Caroline Touzin est passionnée par la profession de journaliste depuis son tout jeune âge. Elle exerce ce métier à La Presse depuis l’âge de 22 ans!

Quand avez-vous songé la première fois à ce métier?

Je rêve de devenir journaliste depuis mon enfance. J’écoutais la série Lance et Compte à la télévision et je m’identifiais au personnage de la journaliste sportive, Linda Hébert. J’ai toujours aimé lire et écrire. Je suis très curieuse. J’adore voyager et rencontrer des gens qui ont des histoires à raconter. Le métier de journaliste était donc parfait pour moi.

Est-ce que vous croyez que ce métier a su changer votre vie?

Je ne sais pas si un métier change une vie, mais il est certain qu’il y occupe une grande place. Ce n’est pas un travail de 9 à 5. Parfois, je m’endors et je pense à mes sujets de reportage. Ce métier m’habite vraiment. Je ne me vois pas faire autre chose.

Quelle est la cause que vous avez couverte qui vous a le plus marquée?

Comme journaliste judiciaire, je couvre souvent des causes très sombres et très tristes. Il y en a quelques-unes que je n’oublierai jamais, dont celle de Cathie Gauthier, une mère de famille trouvée coupable d’avoir tué ses trois enfants. Le procès se déroulait à Chicoutimi. Chaque jour, des détails horribles étaient révélés. Habituellement, je rentre chez moi, le soir, et je me change les idées avec mon copain ou mes amis. Mais, comme j’étais très loin de chez moi, je ne pouvais pas le faire. Cette cause était très prenante.

Considérez-vous que la profession de journaliste est exigeante? Pourquoi?

C’est un métier très exigeant, en effet. On n’a pas le droit à l’erreur. Ce qu’on publie dans le journal chaque jour doit être rigoureusement vrai. On ne peut pas tourner les coins ronds et inventer des choses. Il faut aussi écrire des articles équilibrés, soit avec les différents points de vue des acteurs impliqués. On ne peut pas se permettre de donner notre opinion puisque notre crédibilité serait entachée.

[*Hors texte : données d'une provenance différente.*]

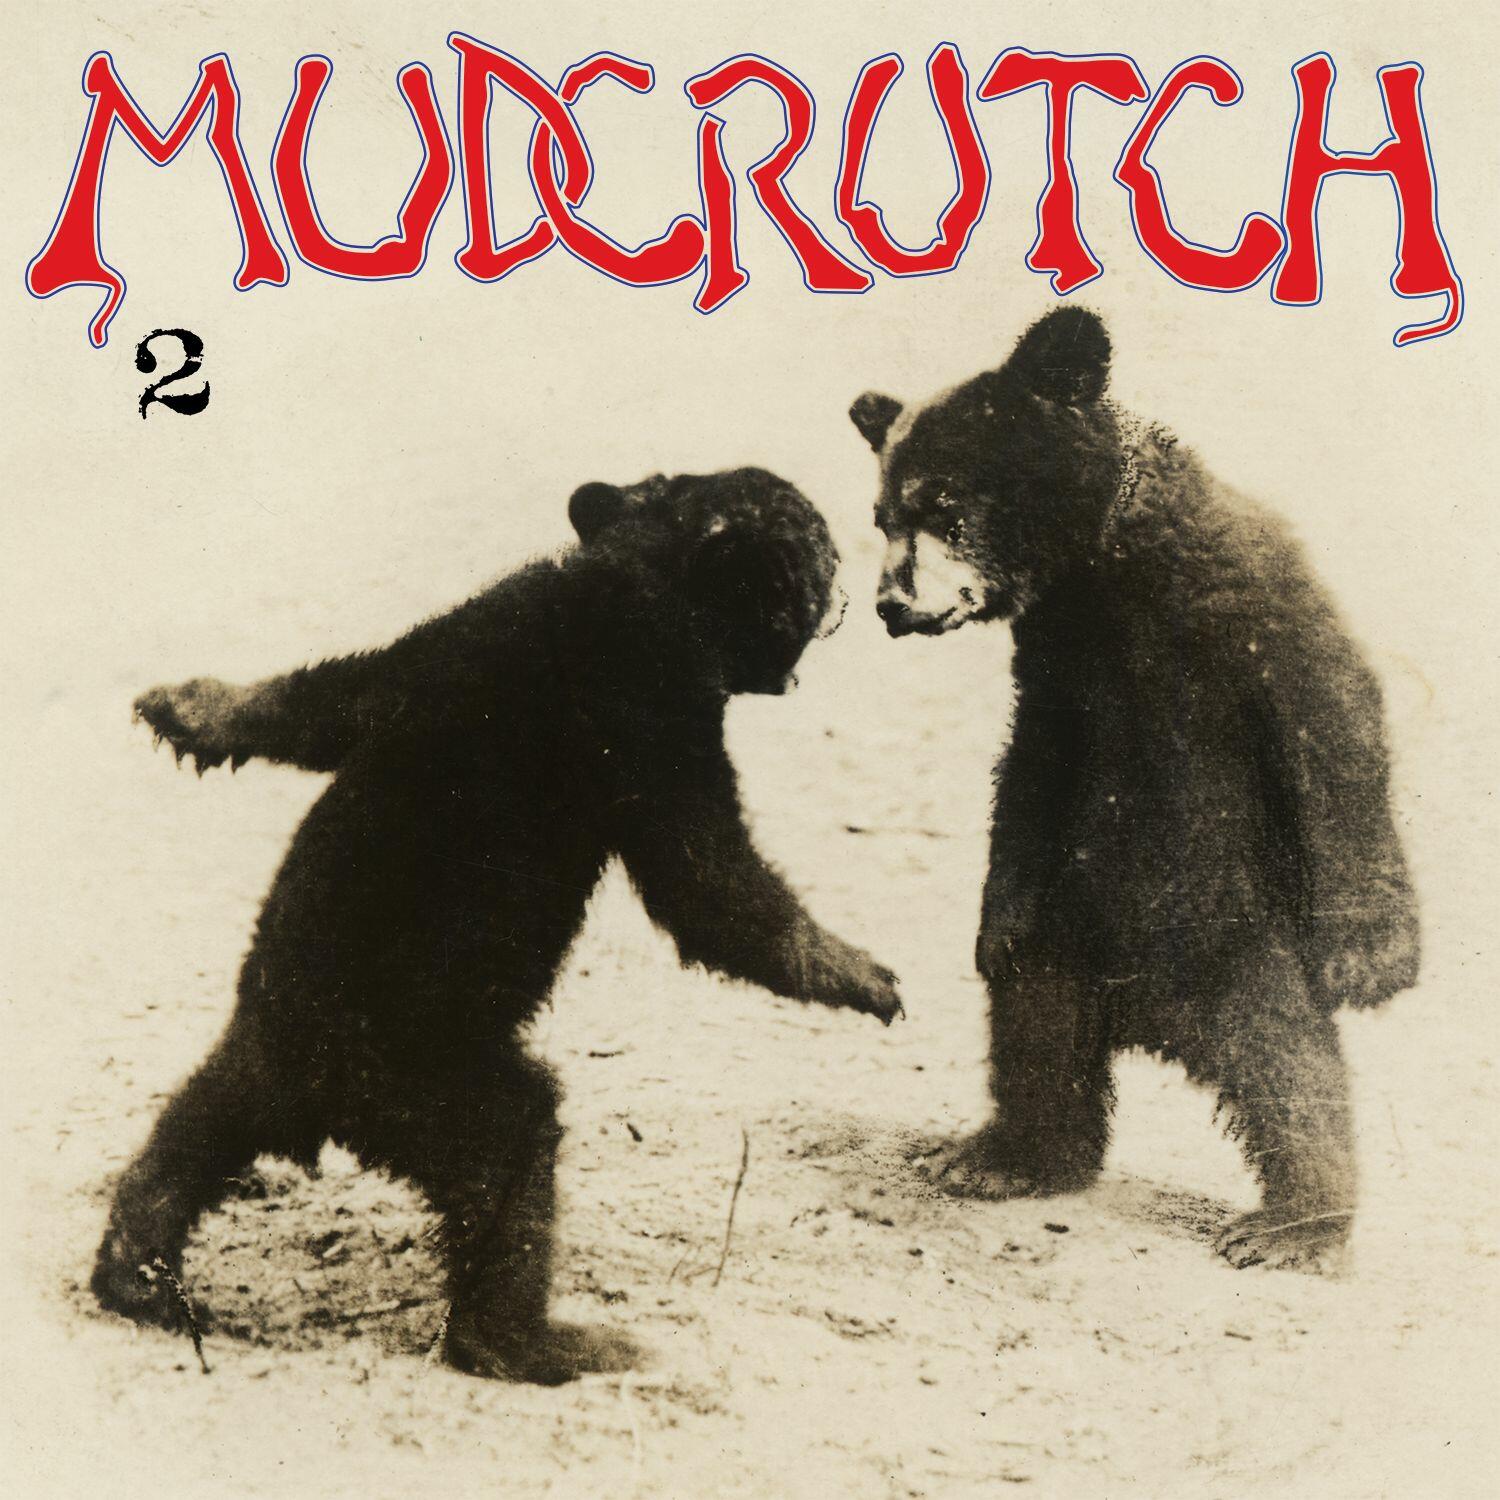 Mudcrutch 2 Iheartradio
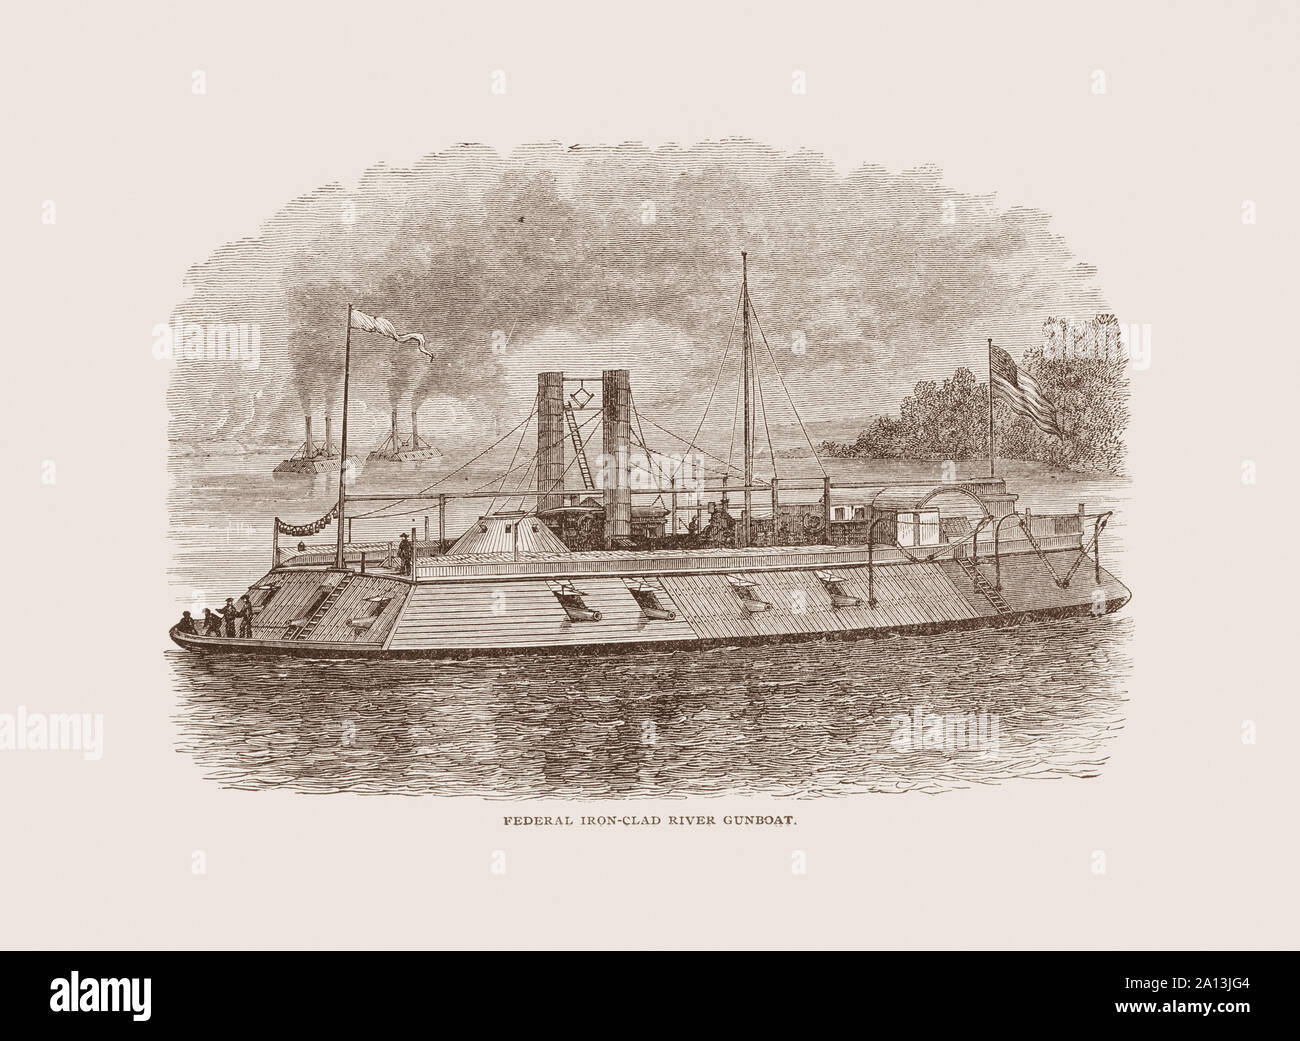 Amerikanischer Bürgerkrieg Geschichte eingraviert Drucken einer Union gepanzerte Fluss kanonenboot. Stockfoto

Selon vous, quelles qualités sont nécessaires lorsqu'on veut exercer ce métier?

Comme je vous disais, il faut être juste et rigoureux. Il faut également avoir une excellente tolérance au stress. Lorsqu’un événement important survient juste avant l’heure de tombée, on doit pondre un texte rapidement. Lorsque j’ai couvert les Jeux olympiques de Vancouver, en raison du décalage horaire avec Montréal, j’avais parfois seulement 15 minutes pour écrire un texte sur les résultats d’une compétition. Si j’avais rendu mon article en retard, le journal ne l’aurait pas publié. Les lecteurs n’auraient donc pas eu les résultats de la compétition !

Quel aspect de votre métier préférez-vous?

Ce que je préfère, c’est de faire réfléchir les gens en publiant des histoires d’intérêt public. Des histoires qui peuvent parfois les indigner ou les émouvoir. Je sais que j’ai atteint mon but lorsque je reçois des courriels de lecteurs après la publication d’un article.

Est-ce qu'il y a quelque chose dans votre métier qui vous déplaît?

Les heures de tombée. On ne s’y habitue jamais. On aimerait toujours avoir plus de temps pour finir un article.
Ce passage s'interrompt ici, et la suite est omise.